Иосиф Бродский - Часть речи
«Классический балет есть замок красоты…»
Михаилу Барышникову
Классический балет есть замок красоты,
чьи нежные жильцы от прозы дней суровой
пиликающей ямой оркестровой
отделены. И задраны мосты.
В имперский мягкий плюш мы втискиваем зад,
и, крылышкуя скорописью ляжек,
красавица, с которою не ляжешь,
одним прыжком выпархивает в сад.
Мы видим силы зла в коричневом трико,
и ангела добра в невыразимой пачке.
И в силах пробудить от элизийской спячки
овация Чайковского и Ко.
Классический балет! Искусство лучших дней!
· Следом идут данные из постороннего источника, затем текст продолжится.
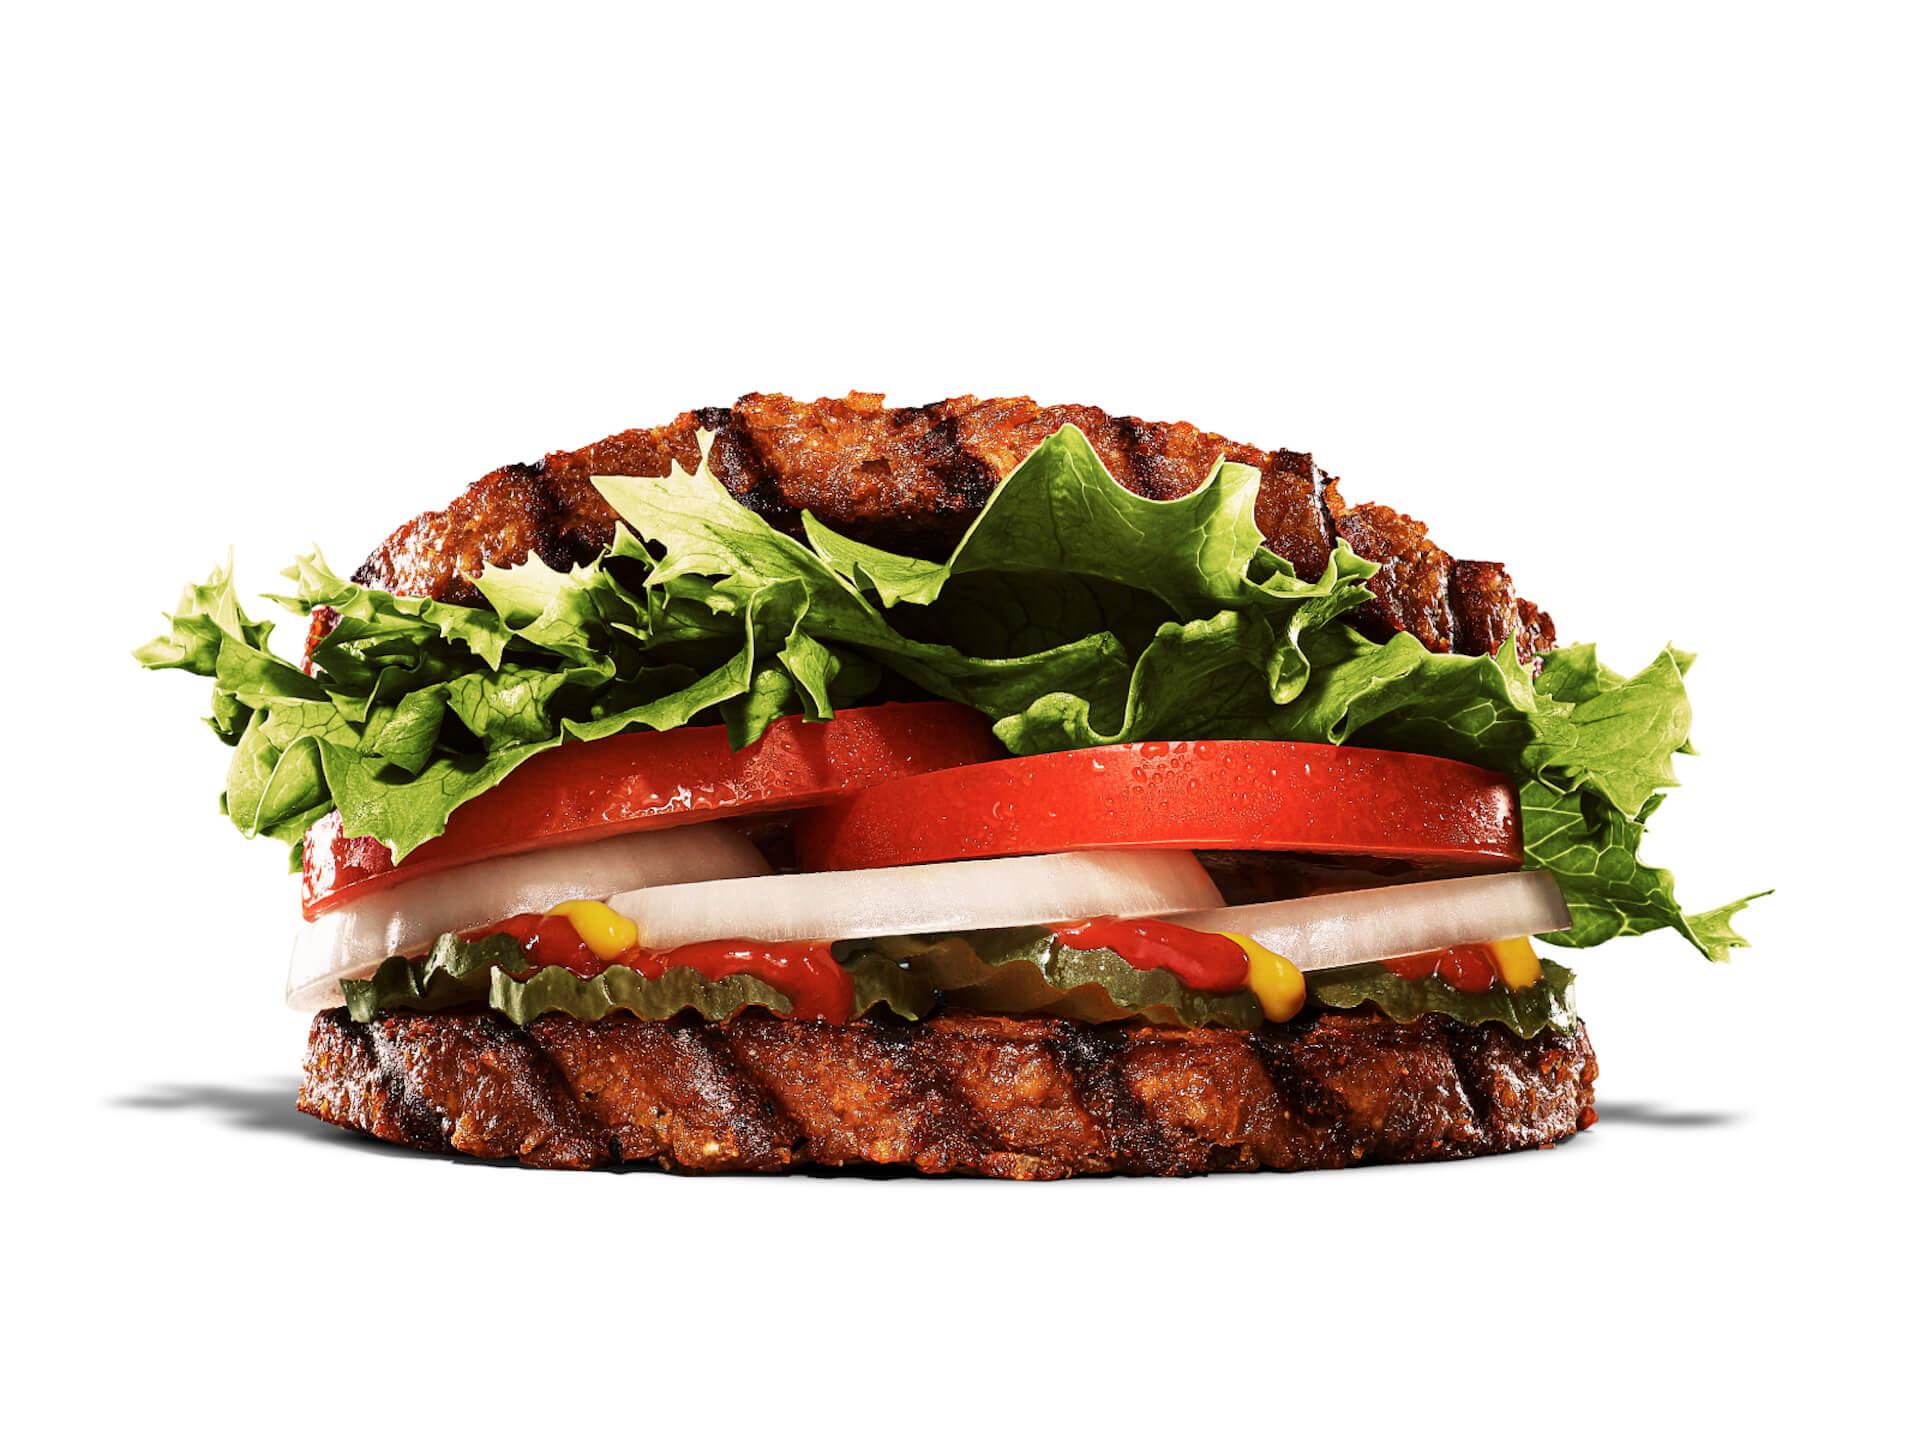 100%植物性パティ2枚で野菜をサンド!バーガーキングで『バージョン2ワッパー』が新発売 gourmet210805_burgerking_1

Когда шипел ваш грог, и целовали в обе,
и мчались лихачи, и пелось бобэоби,
и ежели был враг, то он был — маршал Ней.
В зрачках городовых желтели купола.
В каких рождались, в тех и умирали гнездах.
И если что-нибудь взлетало в воздух,
то был не мост, а Павлова была.
Как славно ввечеру, вдали Всея Руси,
Барышникова зреть. Талант его не стерся!
Усилие ноги и судорога торса
с вращением вкруг собственной оси
рождают тот полет, которого душа
как в девках заждалась, готовая озлиться!
А что насчет того, где выйдет приземлиться, —
земля везде тверда; рекомендую США.
ЧАСТЬ РЕЧИ
«Ниоткуда с любовью, надцатого мартобря…»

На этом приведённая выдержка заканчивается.